▸ **Task directions**
Copy task for the material below: print the line with "Rollersnakes WordMark Sticker Teal 200x41mm" and every line after it to the end, exactly as written, without the pictures.

▸ **Recorded data**
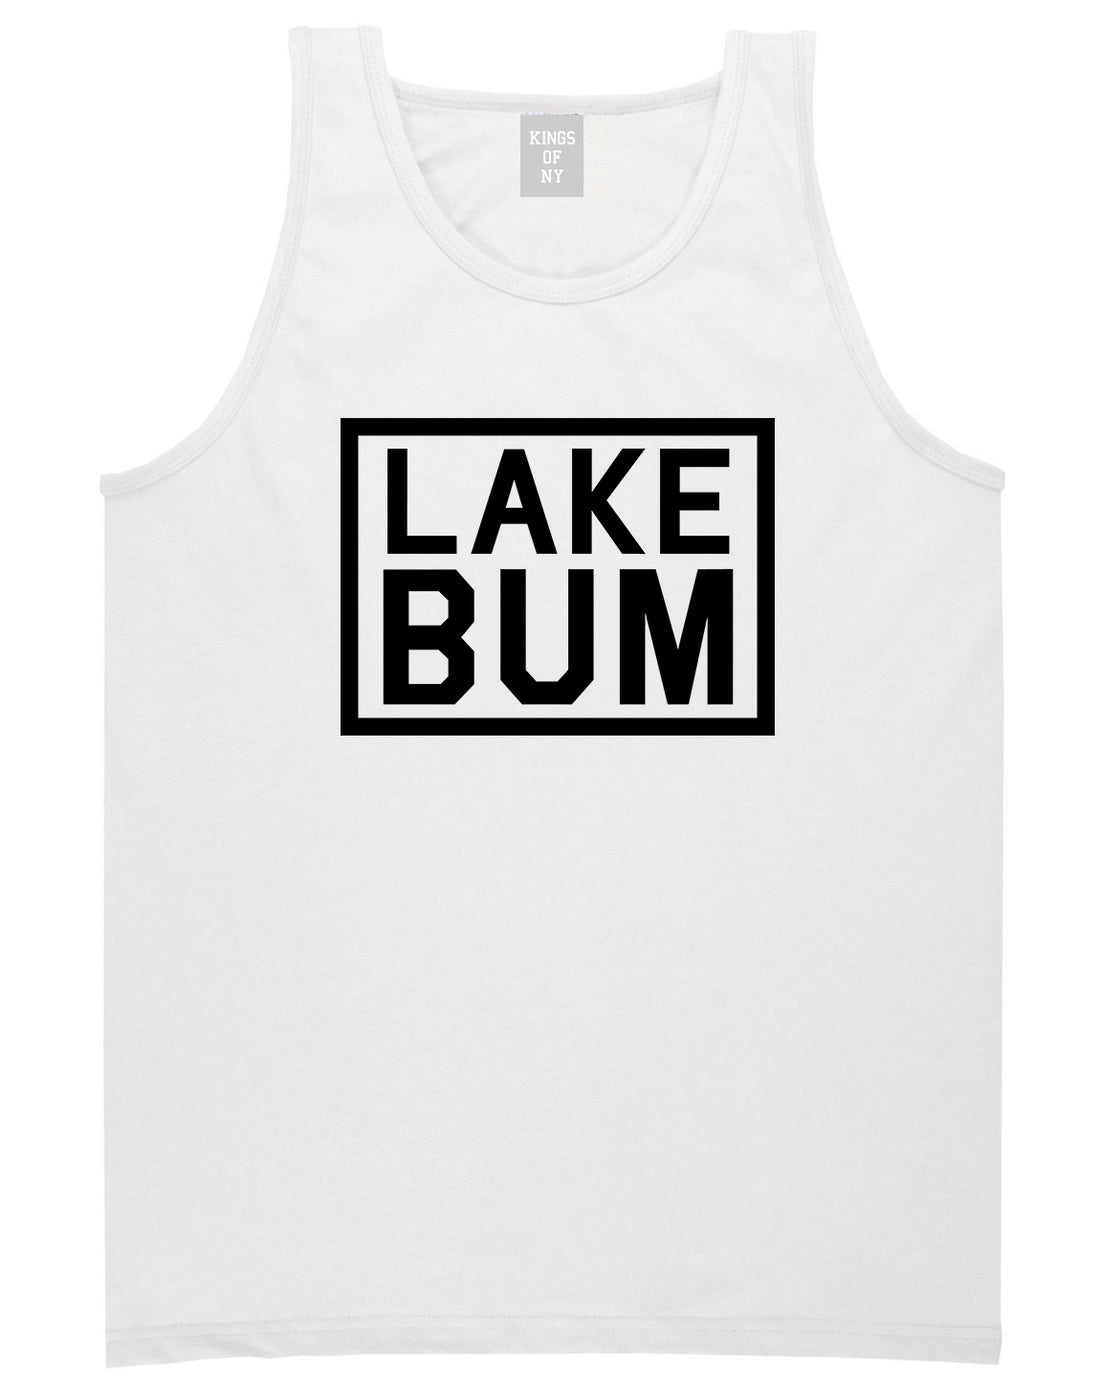 Lake Bum Box Mens Tank Top Shirt White
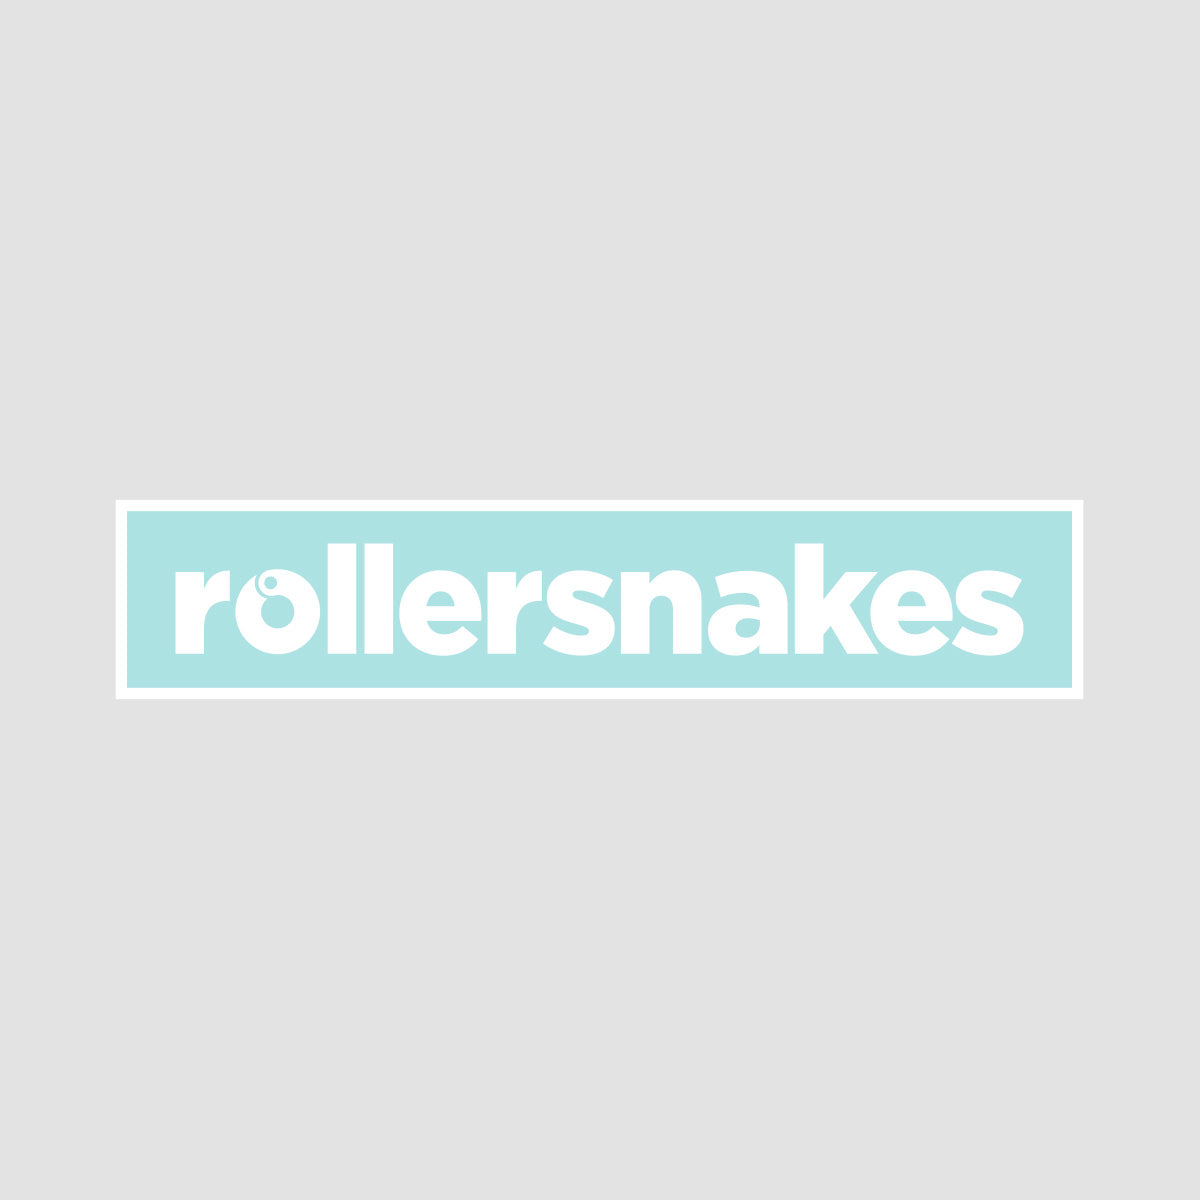 Rollersnakes WordMark Sticker Teal 200x41mm
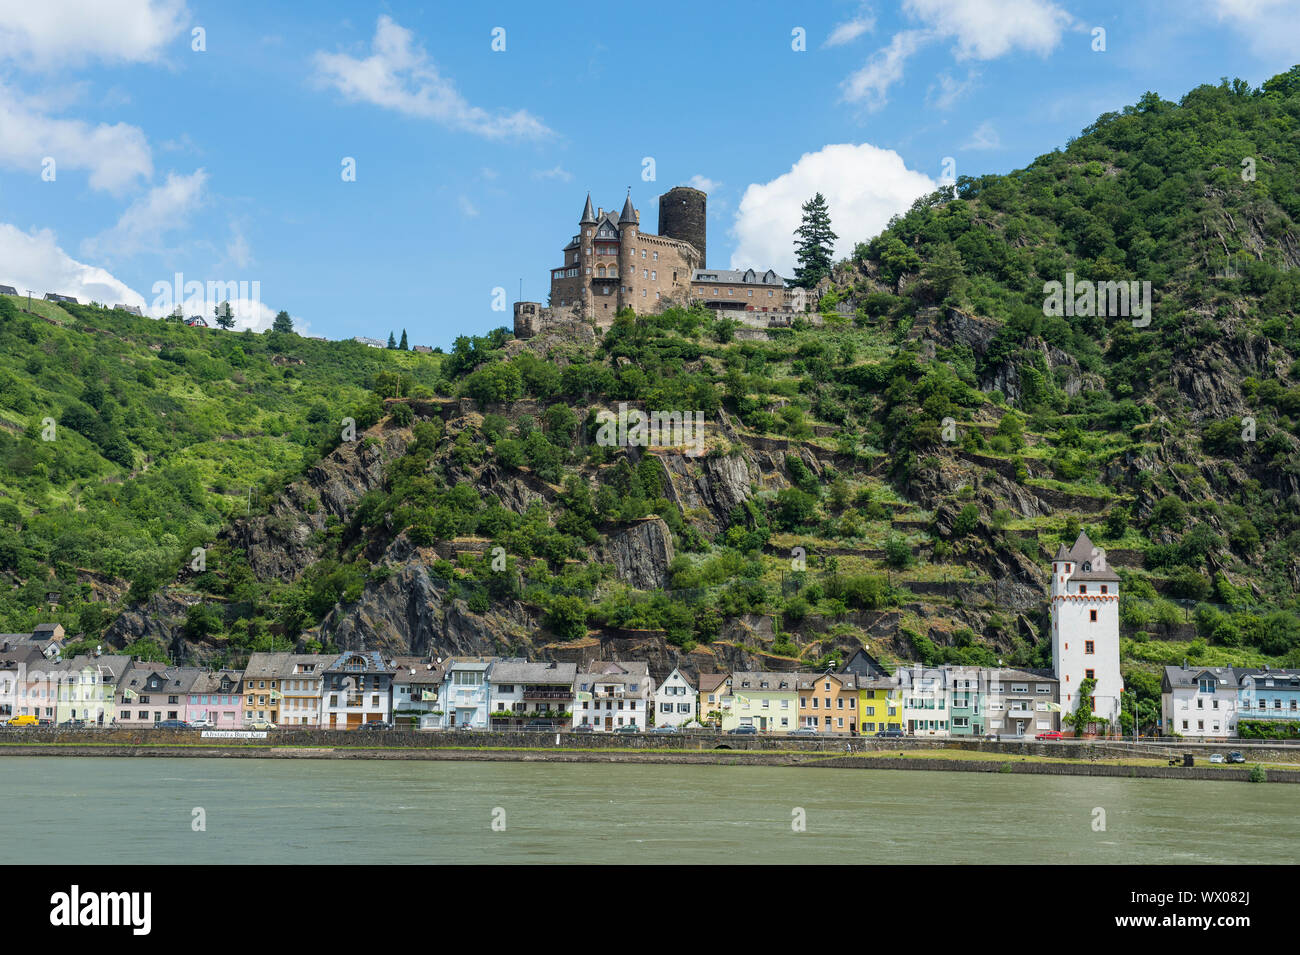 Castle Katz overlooking the Rhine and St. Goar, UNESCO World Heritage Site, Middle Rhine valley, Rhineland-Palatinate, Germany, Europe Stock Photo

▸ **Task answer**
 Rollersnakes WordMark Sticker Teal 200x41mm
 Castle Katz overlooking the Rhine and St. Goar, UNESCO World Heritage Site, Middle Rhine valley, Rhineland-Palatinate, Germany, Europe Stock Photo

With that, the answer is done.